Friday, October 11, 2013 by Alexander Steiner

Model builders like railroad enthusiast often use small 3D printers at home to print their own miniature worlds. With netfabb Private 3D files of such models can be fixed, adjusted and prepared as needed. The following tutorial shows how to do this with a railroad station model.

1. Step: Scale down

The initial model is extremely large (about 51 meters long) and needs first to be scaled down.
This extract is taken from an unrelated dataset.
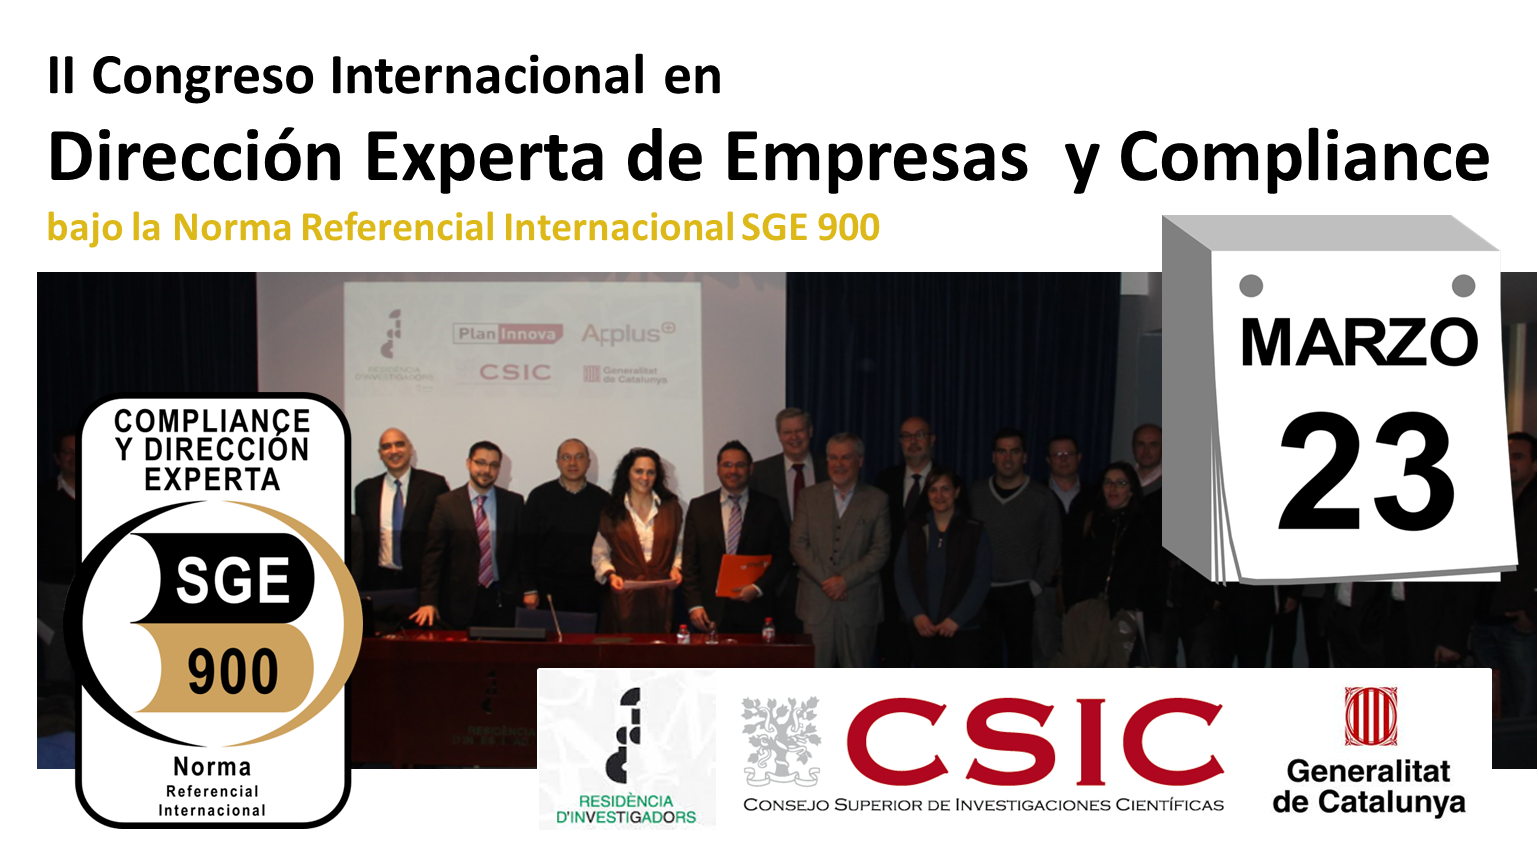 II Congreso Internacional en Dirección Experta de Empresas y Compliance

To do this click on "Scale Parts"...

...and set the scale factor size to 0.005

After the model has been scaled down click on "Zoom to selected parts" to re-center the view on the part:

 

2. Step: Auto repair

The big red warning triangle indicated that the model needs to be repaired before printing. Click on the "Automatic Repair" button to get into the repair mode:

In the "Status" tab you see that there are a lof of things to be fixed:

Click on "Automatic Repair" and choose "Extended repair". After a few seconds all holes are closed and all border edges are removed.

 

Step 3: Wrap surface

Now to eliminate all unnecessary inner mesh structures and triangles we will apply the "Wrap parts surface" function. A neat and perfectly hollow shell is one of the best ways to avoid potential printing errors.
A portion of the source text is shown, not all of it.